▸ **Task brief**
No record may be omitted; give all of them again exactly.

▸ **Task data**
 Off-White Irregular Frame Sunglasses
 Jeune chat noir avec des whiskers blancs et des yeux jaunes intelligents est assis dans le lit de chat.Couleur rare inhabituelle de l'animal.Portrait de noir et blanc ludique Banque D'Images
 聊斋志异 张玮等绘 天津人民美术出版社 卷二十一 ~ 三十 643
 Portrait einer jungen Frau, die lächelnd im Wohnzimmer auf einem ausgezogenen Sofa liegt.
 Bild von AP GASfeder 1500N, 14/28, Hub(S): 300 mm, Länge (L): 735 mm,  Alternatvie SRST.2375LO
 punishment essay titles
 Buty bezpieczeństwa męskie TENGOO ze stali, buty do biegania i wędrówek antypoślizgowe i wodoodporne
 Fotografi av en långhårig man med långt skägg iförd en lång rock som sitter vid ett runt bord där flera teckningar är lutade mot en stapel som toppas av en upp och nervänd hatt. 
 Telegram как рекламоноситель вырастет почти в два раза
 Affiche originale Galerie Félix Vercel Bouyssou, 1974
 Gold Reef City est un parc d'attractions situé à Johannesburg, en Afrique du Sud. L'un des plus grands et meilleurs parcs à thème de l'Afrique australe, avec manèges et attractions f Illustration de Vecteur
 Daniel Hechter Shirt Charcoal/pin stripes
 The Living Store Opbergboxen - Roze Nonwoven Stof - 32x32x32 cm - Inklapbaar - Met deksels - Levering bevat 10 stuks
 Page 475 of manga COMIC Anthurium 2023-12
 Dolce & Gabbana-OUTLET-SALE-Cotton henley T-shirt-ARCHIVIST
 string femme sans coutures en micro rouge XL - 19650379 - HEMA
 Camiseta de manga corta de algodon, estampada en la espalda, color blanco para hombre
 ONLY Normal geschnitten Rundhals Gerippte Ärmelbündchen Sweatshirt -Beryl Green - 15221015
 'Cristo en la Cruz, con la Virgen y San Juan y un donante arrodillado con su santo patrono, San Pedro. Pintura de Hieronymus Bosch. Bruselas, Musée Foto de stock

▸ **Result**
 Off-White Irregular Frame Sunglasses
 Jeune chat noir avec des whiskers blancs et des yeux jaunes intelligents est assis dans le lit de chat.Couleur rare inhabituelle de l'animal.Portrait de noir et blanc ludique Banque D'Images
 聊斋志异 张玮等绘 天津人民美术出版社 卷二十一 ~ 三十 643
 Portrait einer jungen Frau, die lächelnd im Wohnzimmer auf einem ausgezogenen Sofa liegt.
 Bild von AP GASfeder 1500N, 14/28, Hub(S): 300 mm, Länge (L): 735 mm,  Alternatvie SRST.2375LO
 punishment essay titles
 Buty bezpieczeństwa męskie TENGOO ze stali, buty do biegania i wędrówek antypoślizgowe i wodoodporne
 Fotografi av en långhårig man med långt skägg iförd en lång rock som sitter vid ett runt bord där flera teckningar är lutade mot en stapel som toppas av en upp och nervänd hatt. 
 Telegram как рекламоноситель вырастет почти в два раза
 Affiche originale Galerie Félix Vercel Bouyssou, 1974
 Gold Reef City est un parc d'attractions situé à Johannesburg, en Afrique du Sud. L'un des plus grands et meilleurs parcs à thème de l'Afrique australe, avec manèges et attractions f Illustration de Vecteur
 Daniel Hechter Shirt Charcoal/pin stripes
 The Living Store Opbergboxen - Roze Nonwoven Stof - 32x32x32 cm - Inklapbaar - Met deksels - Levering bevat 10 stuks
 Page 475 of manga COMIC Anthurium 2023-12
 Dolce & Gabbana-OUTLET-SALE-Cotton henley T-shirt-ARCHIVIST
 string femme sans coutures en micro rouge XL - 19650379 - HEMA
 Camiseta de manga corta de algodon, estampada en la espalda, color blanco para hombre
 ONLY Normal geschnitten Rundhals Gerippte Ärmelbündchen Sweatshirt -Beryl Green - 15221015
 'Cristo en la Cruz, con la Virgen y San Juan y un donante arrodillado con su santo patrono, San Pedro. Pintura de Hieronymus Bosch. Bruselas, Musée Foto de stock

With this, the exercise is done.